_Input material_

════════

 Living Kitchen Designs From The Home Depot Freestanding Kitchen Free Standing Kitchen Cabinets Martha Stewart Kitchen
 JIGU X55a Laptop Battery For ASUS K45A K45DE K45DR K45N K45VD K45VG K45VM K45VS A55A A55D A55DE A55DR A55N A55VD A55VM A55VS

════════

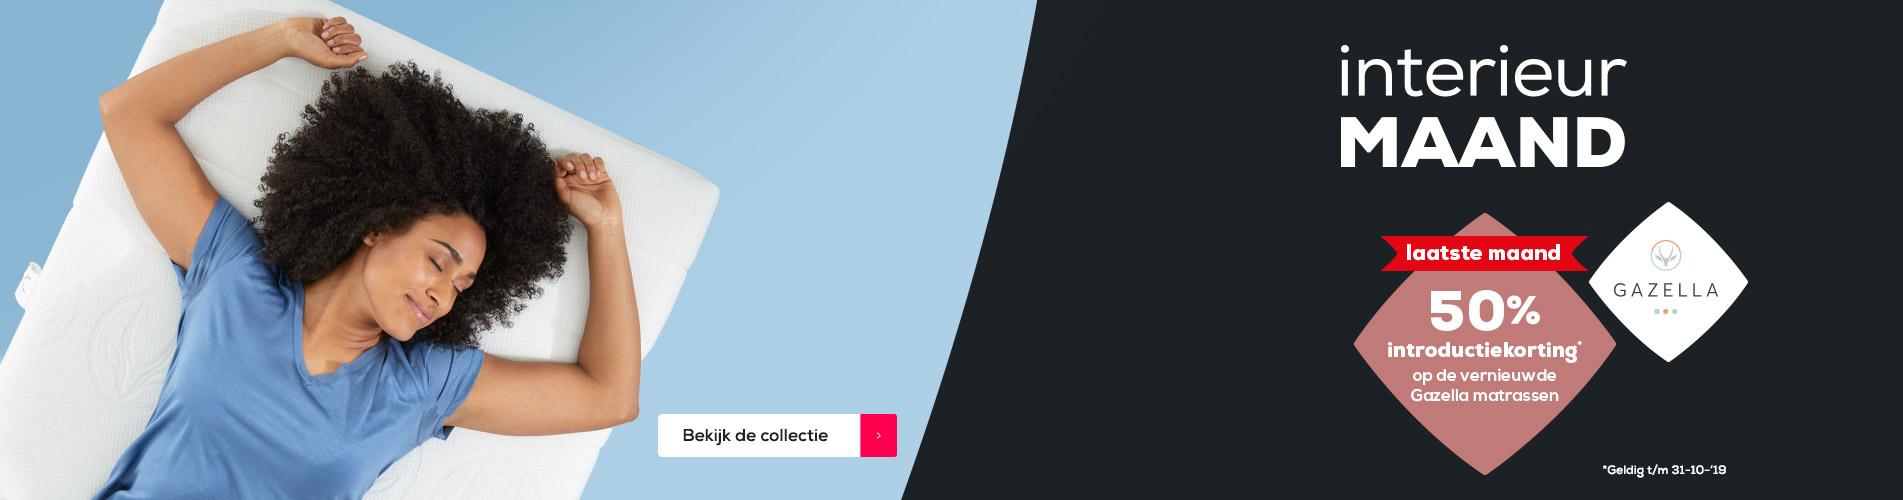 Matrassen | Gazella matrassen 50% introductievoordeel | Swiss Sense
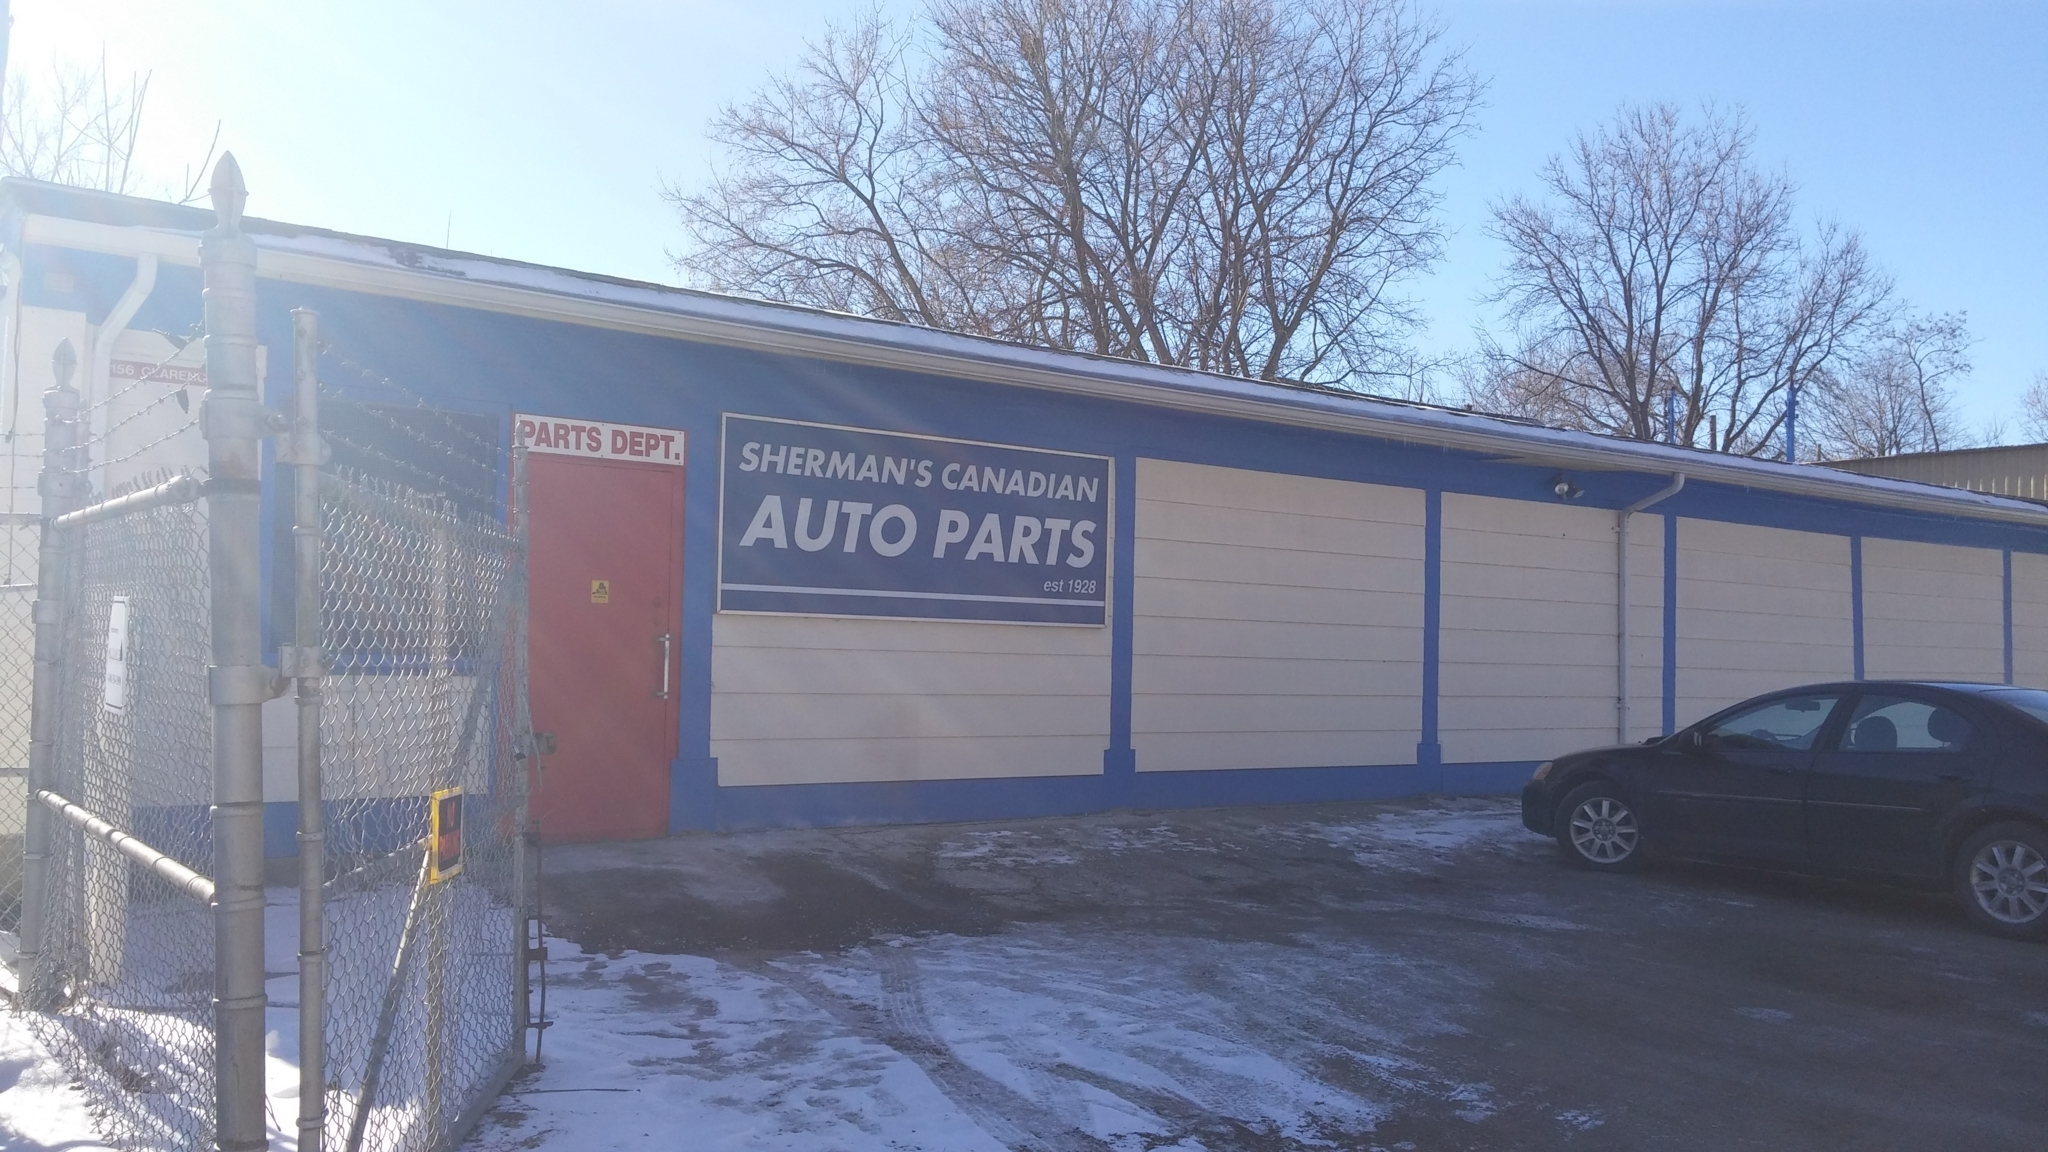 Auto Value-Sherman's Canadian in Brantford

════════

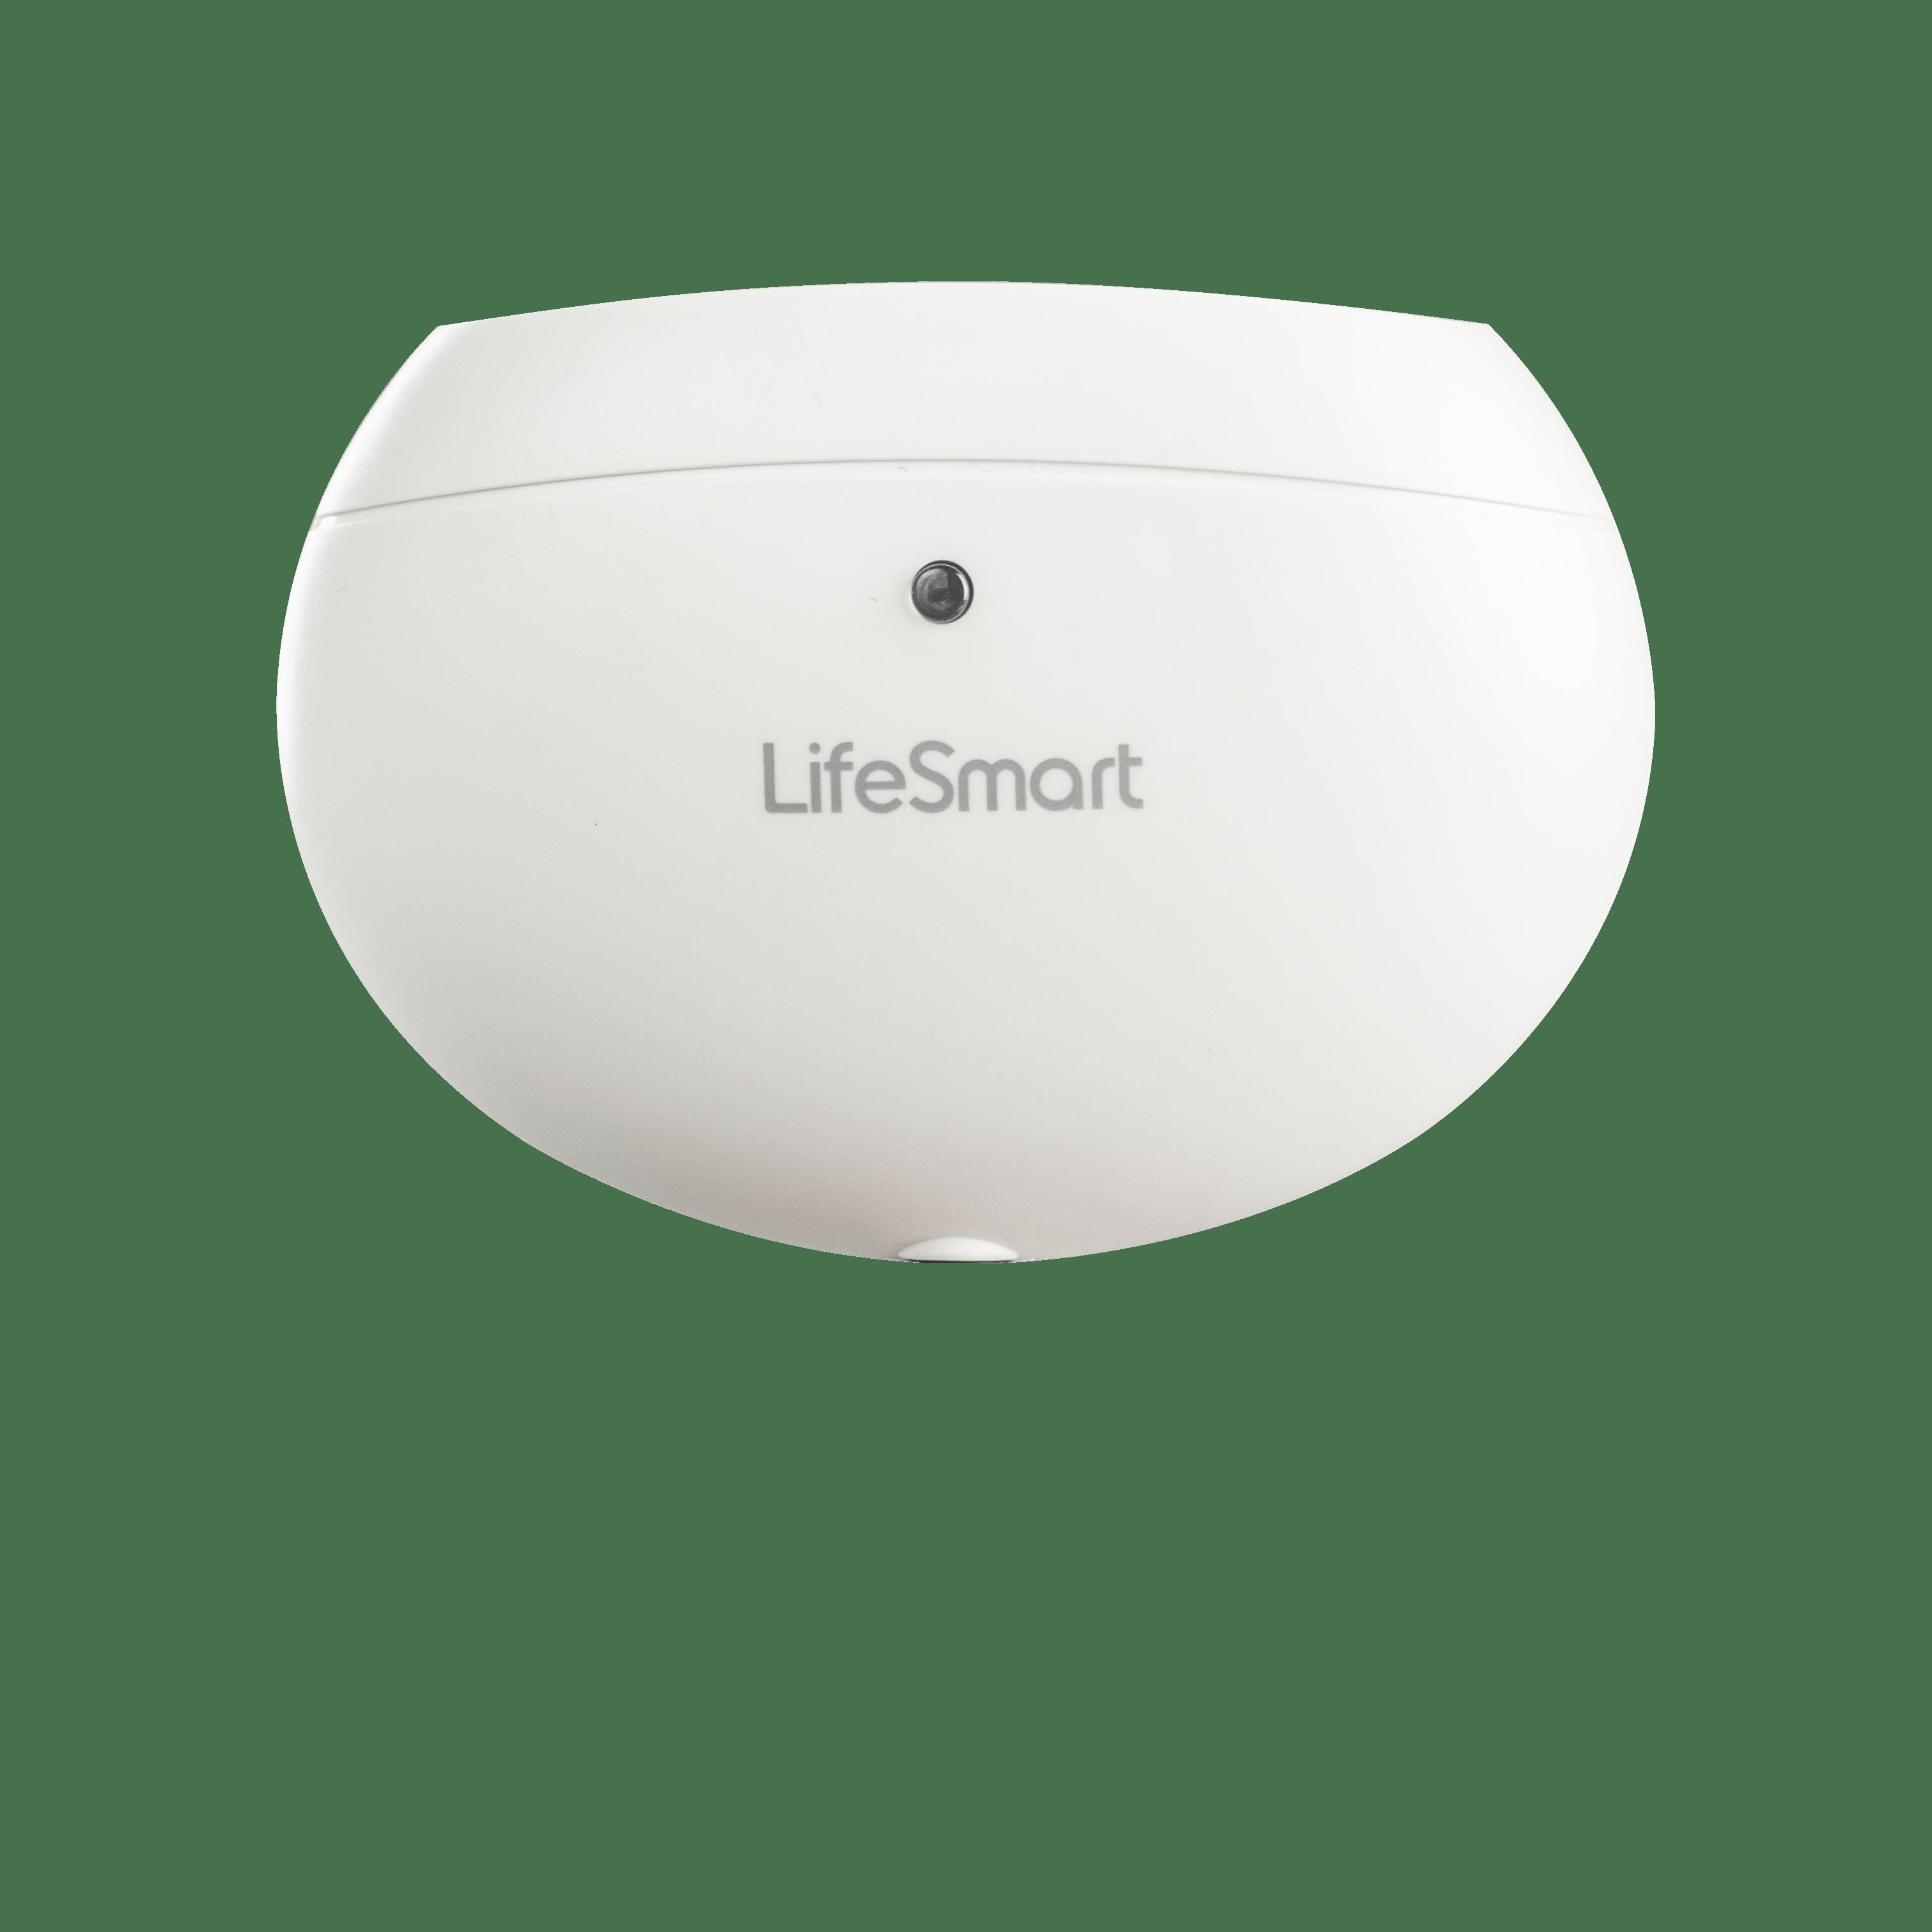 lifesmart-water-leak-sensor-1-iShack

════════

_What you need to do_
In the data above, retype exactly and only the lines between the one holding "Living Kitchen Designs" and the one holding "JIGU X55a Laptop", inclusive.

_Solution to this task_
 Living Kitchen Designs From The Home Depot Freestanding Kitchen Free Standing Kitchen Cabinets Martha Stewart Kitchen
 JIGU X55a Laptop Battery For ASUS K45A K45DE K45DR K45N K45VD K45VG K45VM K45VS A55A A55D A55DE A55DR A55N A55VD A55VM A55VS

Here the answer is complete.